Prompt: Leave out the pictures and retype, exactly, the lines below from the line with "Eva notty has massive juicy boobs porn pic" up to and including the line with "Vine. - Stock Image", nothing more.

Source records:
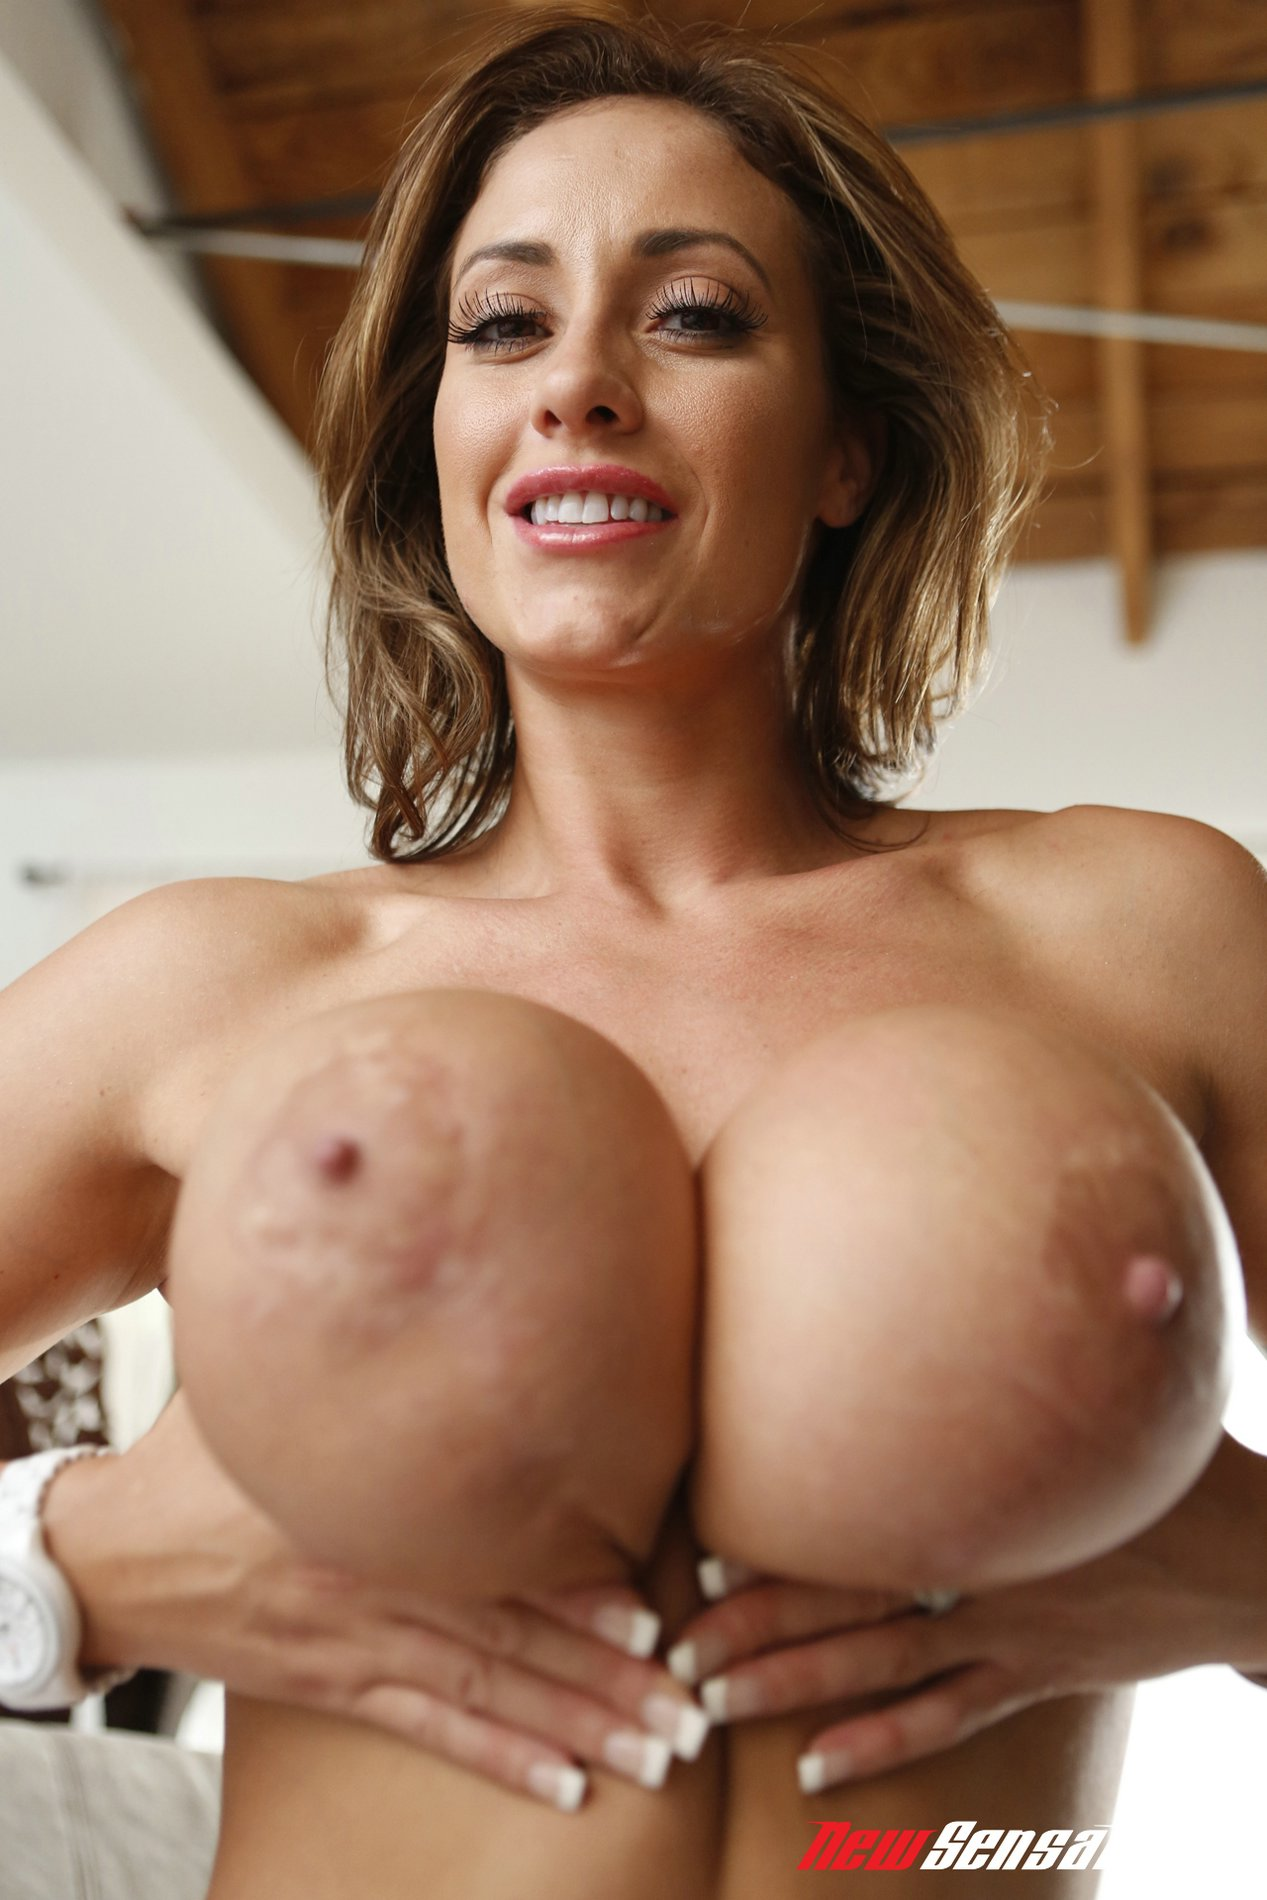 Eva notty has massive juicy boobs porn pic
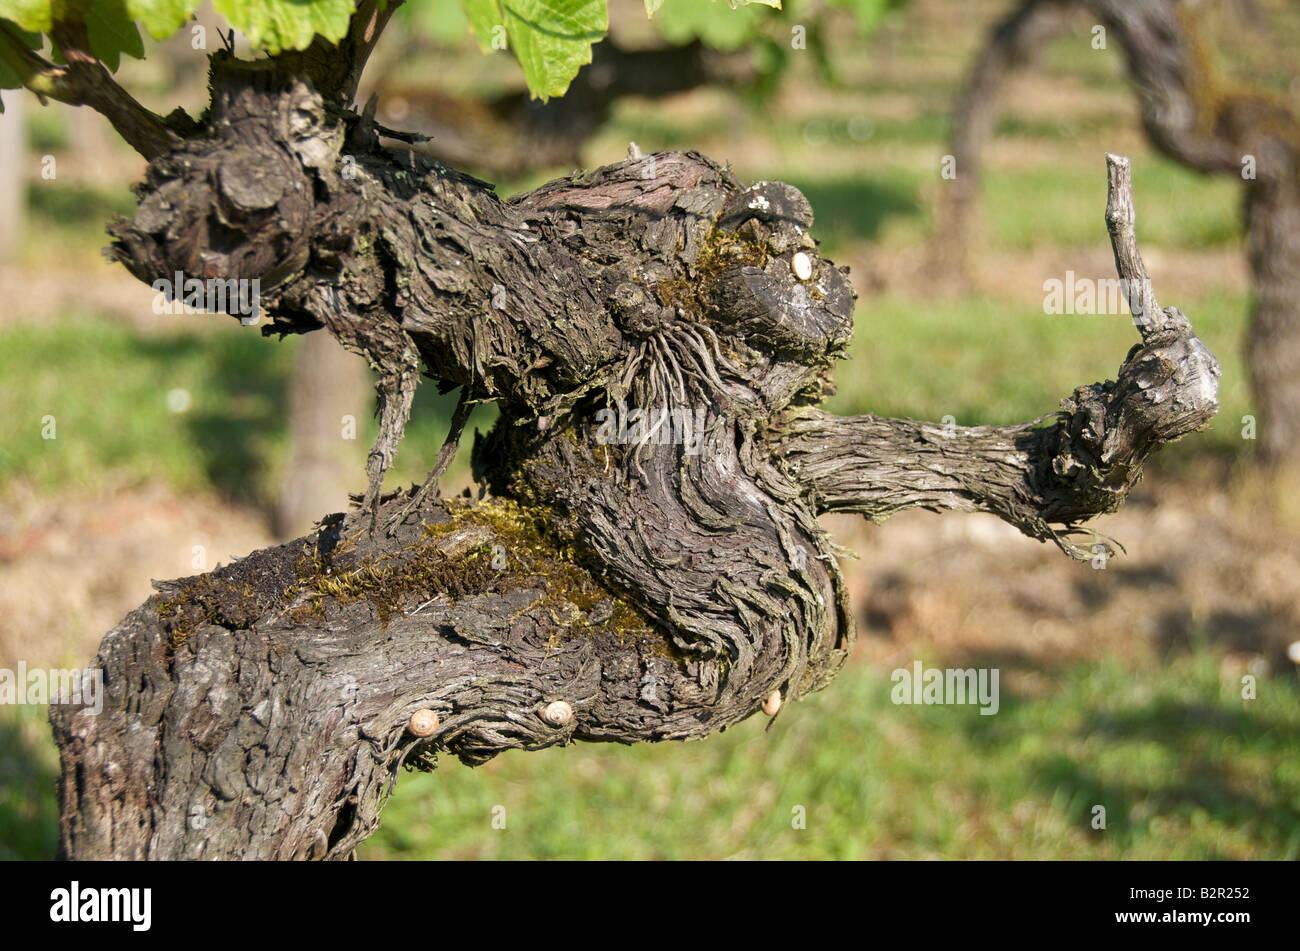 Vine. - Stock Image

--

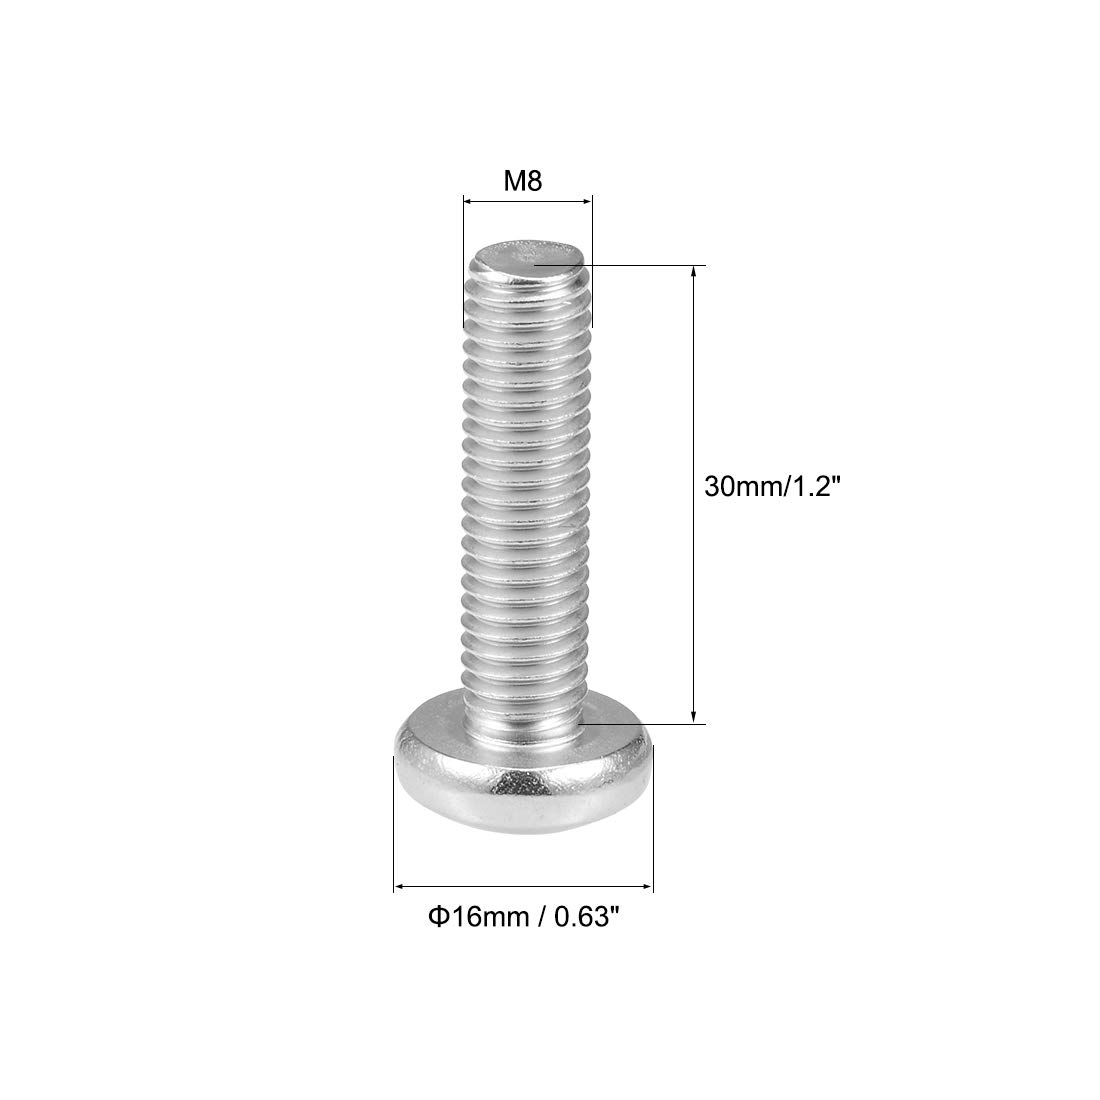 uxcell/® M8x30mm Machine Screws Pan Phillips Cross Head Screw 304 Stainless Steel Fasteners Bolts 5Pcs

Problem solution:
 Eva notty has massive juicy boobs porn pic
 Vine. - Stock Image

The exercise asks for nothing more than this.